Волинъ поглядѣлъ пристально ей въ лицо.
— Вздоръ! По лицу вижу. Поди сюда, садись и разсказывай… болтай…
Волинъ взялъ ее за руку и повелъ къ окну. Феня пошла за нимъ, какъ провинившійся школьникъ за учителемъ.
Онъ сѣлъ, и посадивъ ее къ себѣ на колѣни, сталъ ласкать и цѣловать.
— Ну, болтай же, разсказывай что-нибудь. Посмотри на себя, какая сердитая, сумрачная, точно будто въ разбойничій вертепъ попала.
— Пустите… я на стулъ сяду. Пожалуйста.
— Перестанешь букой смотрѣть, губы надувъ?
Феня молчала.
— Ну, такъ не пущу.
— Буду; пустите; дали бы бѣлье. Мнѣ некогда, право. Дома работы много, Глафира не справится одна… Пустите на стулъ.
Онъ поцѣловалъ ее еще разъ дольше и крѣпче, и какъ малаго ребенка, пересадилъ на другой стулъ.
Феня сѣла и молча стала смотрѣть въ окно.
Волинъ замолчалъ тоже, но не отрывалъ отъ нея взгляда. Лицо ея стало грустнѣе и красивѣе. Ея печаль разлилась во всей ея фигурѣ: въ глазахъ полуоткрытыхъ и словно подернувшихся дымкой, и въ губахъ немного стиснутыхъ, и въ наклонѣ головы, и во всей позѣ. Волинъ глядѣлъ на нее и чувствовалъ, что онъ въ эти минуты положительно влюбленъ въ Феню. Влюбленъ до зарѣзу!
— Владиміръ Сергѣичъ, темно. Вы бы свѣчку зажгли.
Волинъ молчалъ, и нагнувшись къ ней, пристально глядѣлъ на нее.
— Или ужь пустите, а то поздно… по лѣсу одной итти придется…
Волинъ все молчалъ.
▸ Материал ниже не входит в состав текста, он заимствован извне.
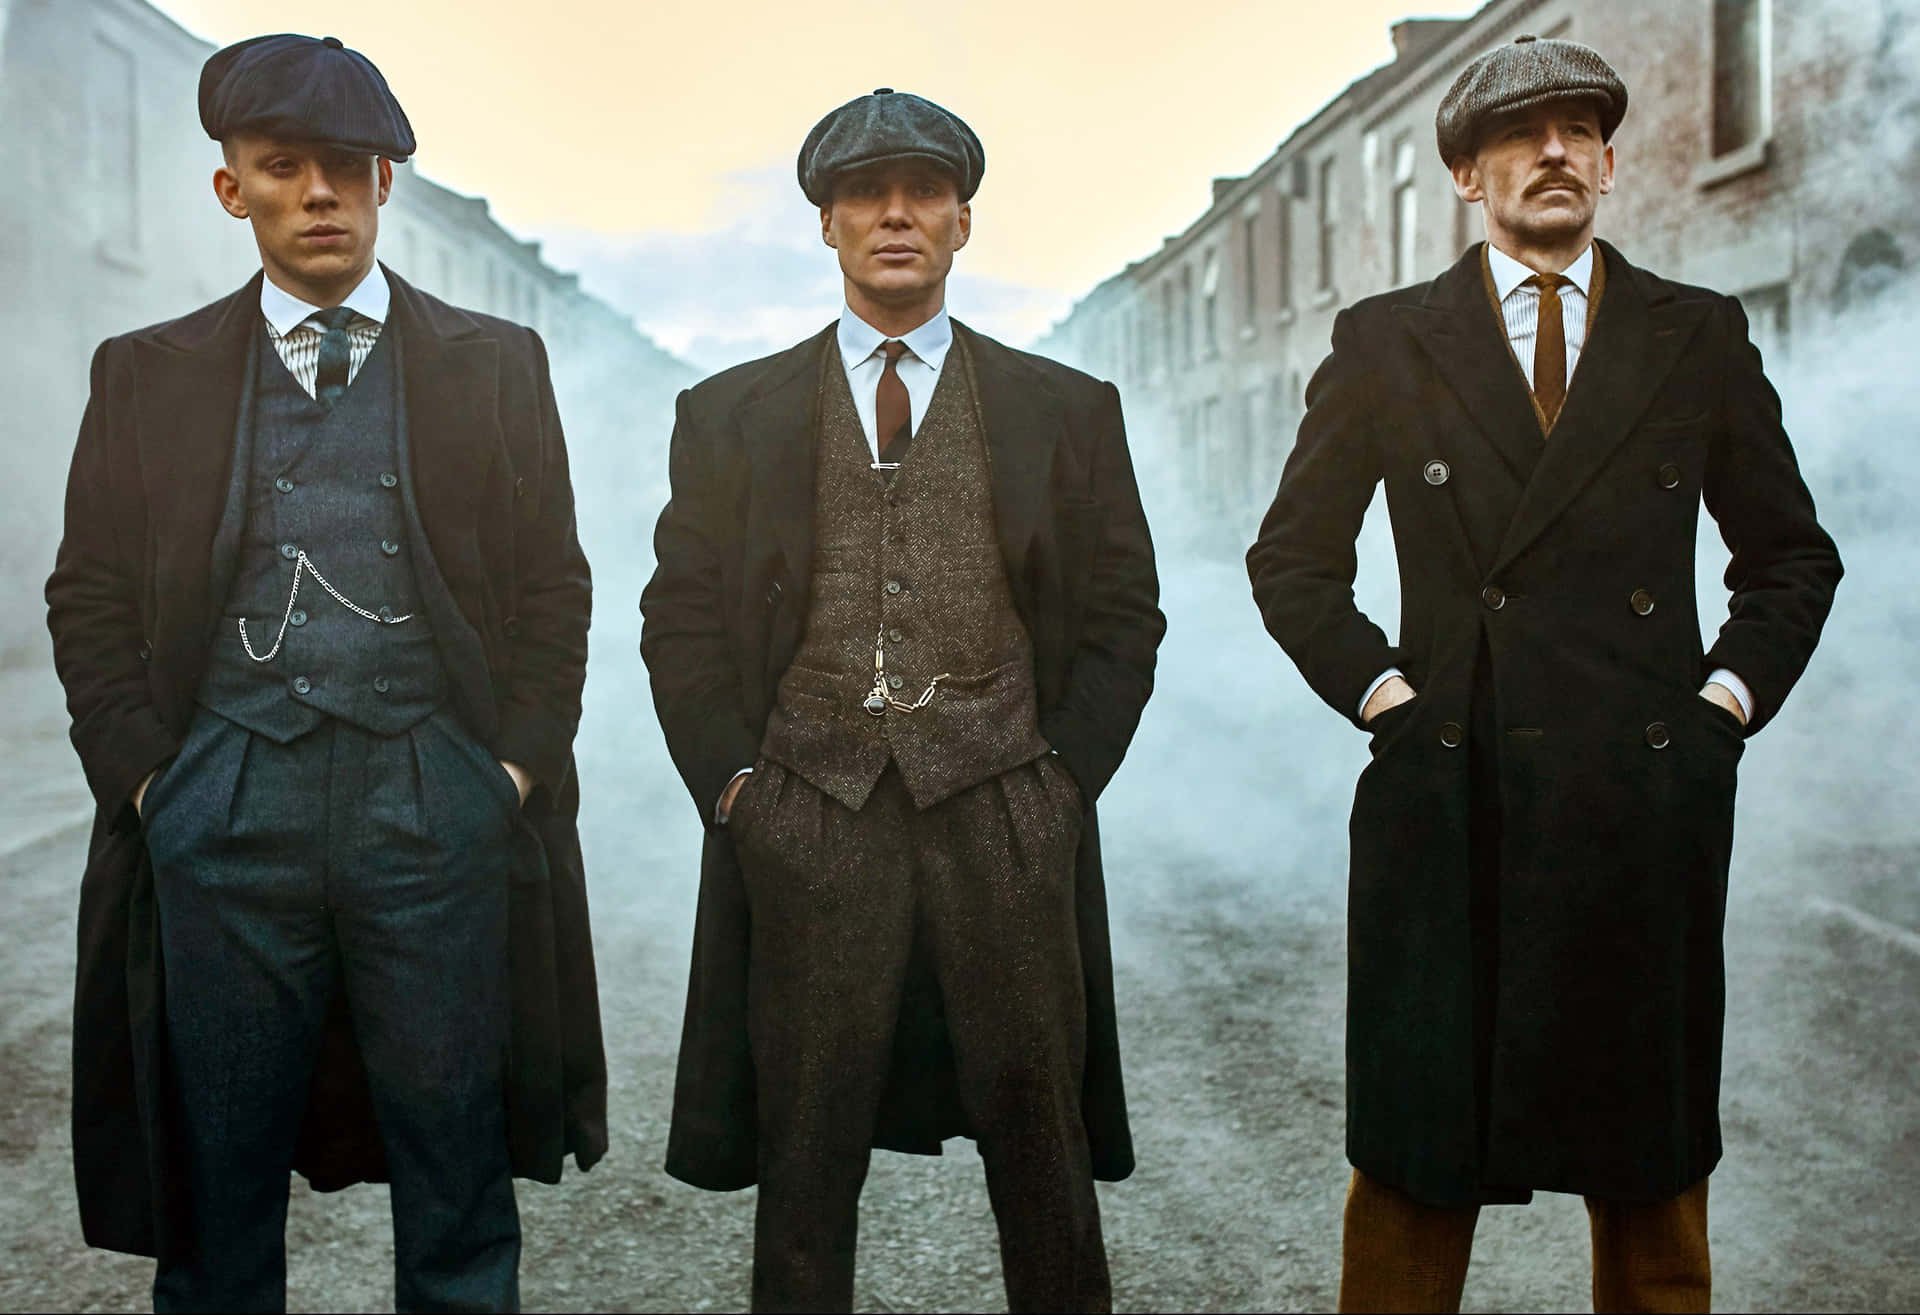 “Headstrong, fierce, and ruthless: The Peaky Blinders”

Феня снова стала смотрѣть въ окно и постепенно забылась… но чрезъ минуту вздрогнула отъ рукъ Волина, который тихо обвилъ ее и приподнялъ со стула.
— Владиміръ Сергѣичъ! почти вскрикнула она.
Волинъ молчалъ, взялъ ее совсѣмъ на руки, зажалъ губы поцѣлуемъ и сдѣлалъ съ ней нѣсколько шаговъ въ другой уголъ комнаты. Феня легко вскрикнула, выскользнула изъ обвившихъ ее рукъ, и, дрожа всѣмъ тѣломъ, упала предъ нимъ на колѣни. Онъ нагнулся къ ней, приподнялъ ея голову и, при слабомъ свѣтѣ, падавшемъ изъ окна, посмотрѣлъ на -нее. Крупныя слезы катились по ея испуганному и сильно поблѣднѣвшему лицу.
Онъ вспыхнулъ и отошелъ къ окошку.
Не то стыдъ, не то злоба, не то что-то еще третье — сдавило ему горло.
— Ты не любишь меня! Такъ надо было это сказать раньше… а не прикидываться! произнесъ онъ живо, вдругъ, самъ не зная съ чего, словно облегчая себя этимъ. Феня робко поднялась на ноги, закрыла лицо руками и глухо вымолвила:
— Бога вы не боитесь, Владиміръ Сергѣичъ!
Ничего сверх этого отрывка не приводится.